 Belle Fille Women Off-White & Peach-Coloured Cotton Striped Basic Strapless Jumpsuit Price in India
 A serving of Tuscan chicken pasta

---

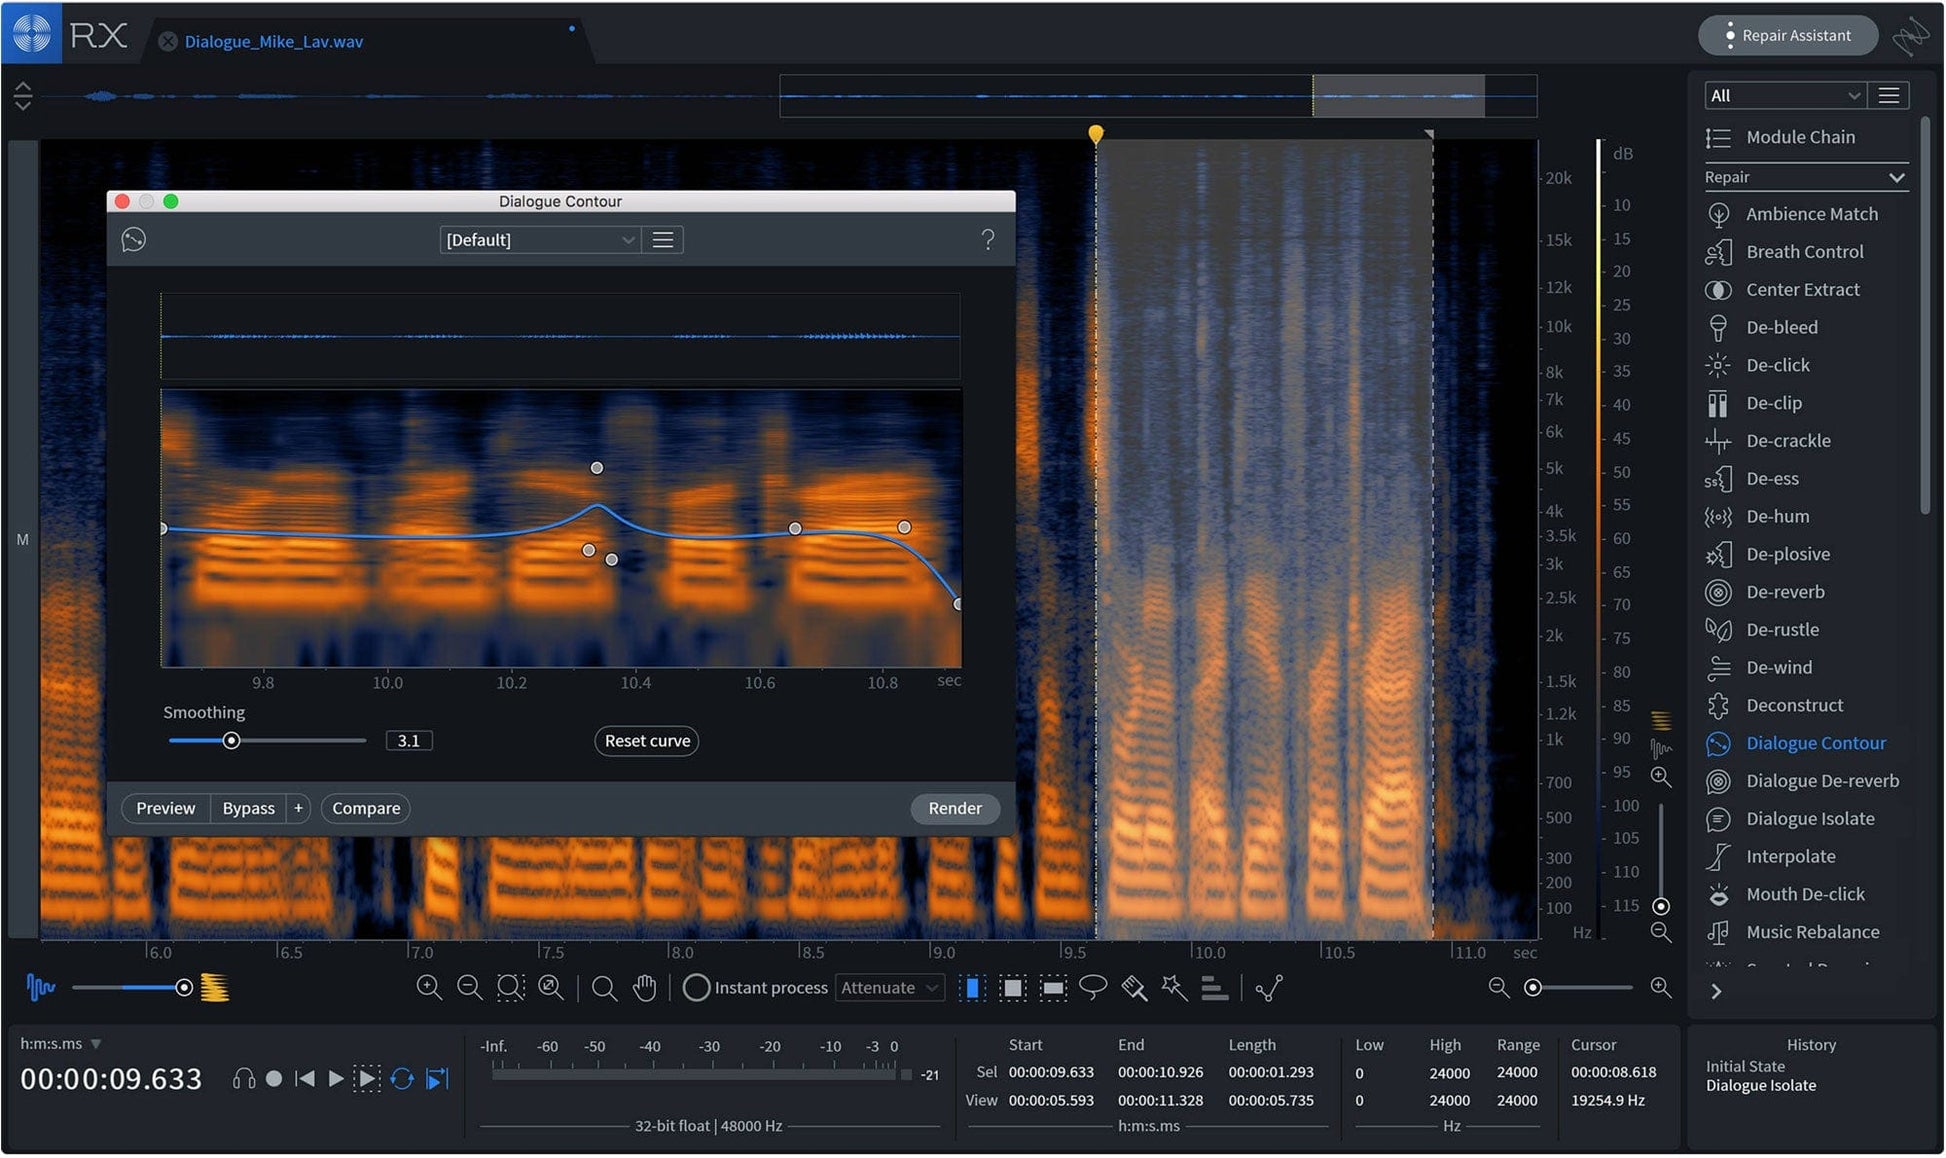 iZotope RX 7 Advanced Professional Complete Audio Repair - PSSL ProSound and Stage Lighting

...

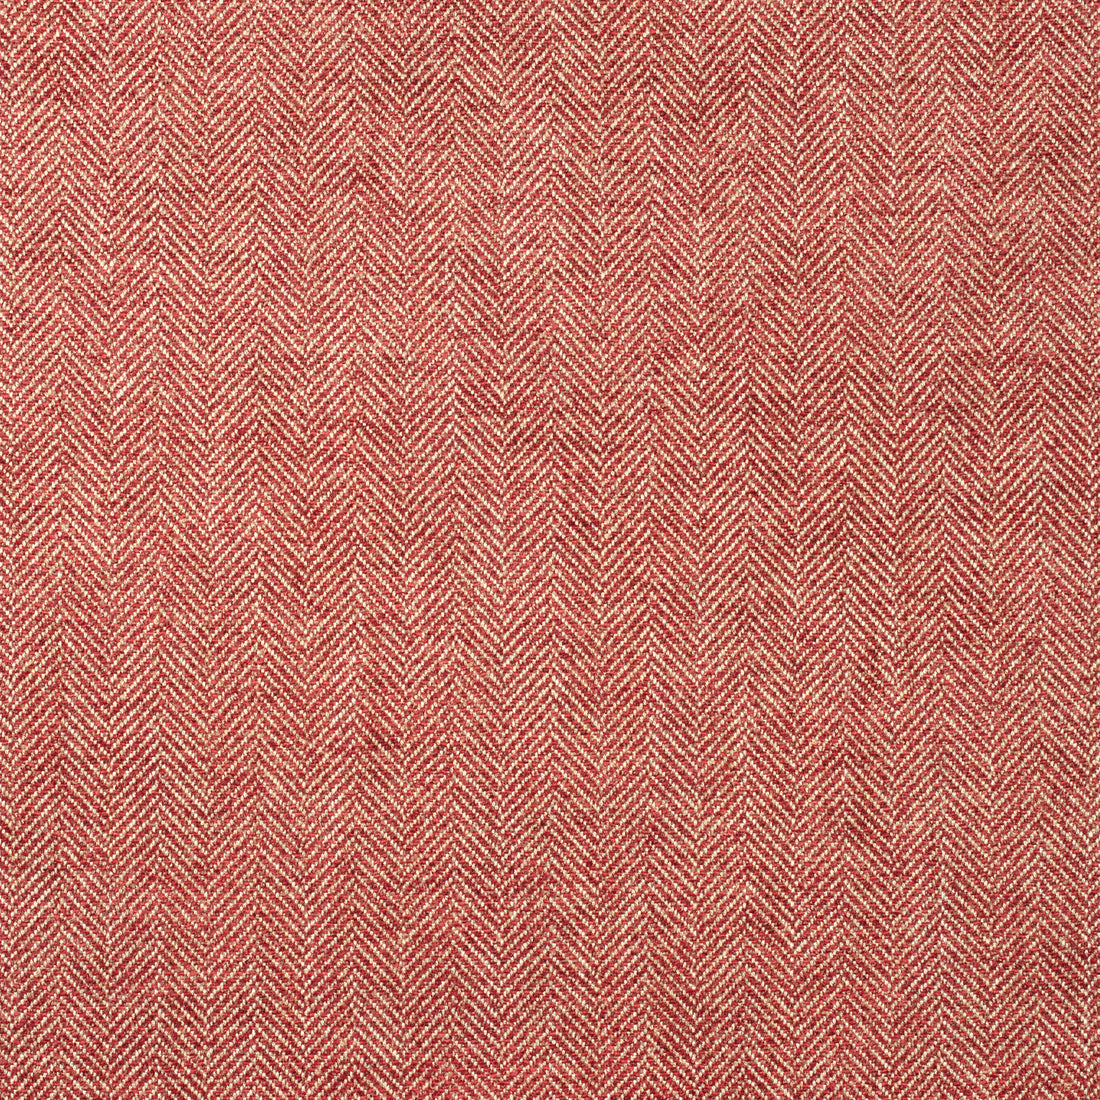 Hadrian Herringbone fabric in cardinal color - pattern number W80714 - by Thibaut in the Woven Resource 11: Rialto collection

▶ Task goal: Set down only the lines above that fall between the line holding "Belle Fille Women" and the line holding "A serving of Tuscan chicken pasta", inclusive, keeping each exact.

▶ Result:
 Belle Fille Women Off-White & Peach-Coloured Cotton Striped Basic Strapless Jumpsuit Price in India
 A serving of Tuscan chicken pasta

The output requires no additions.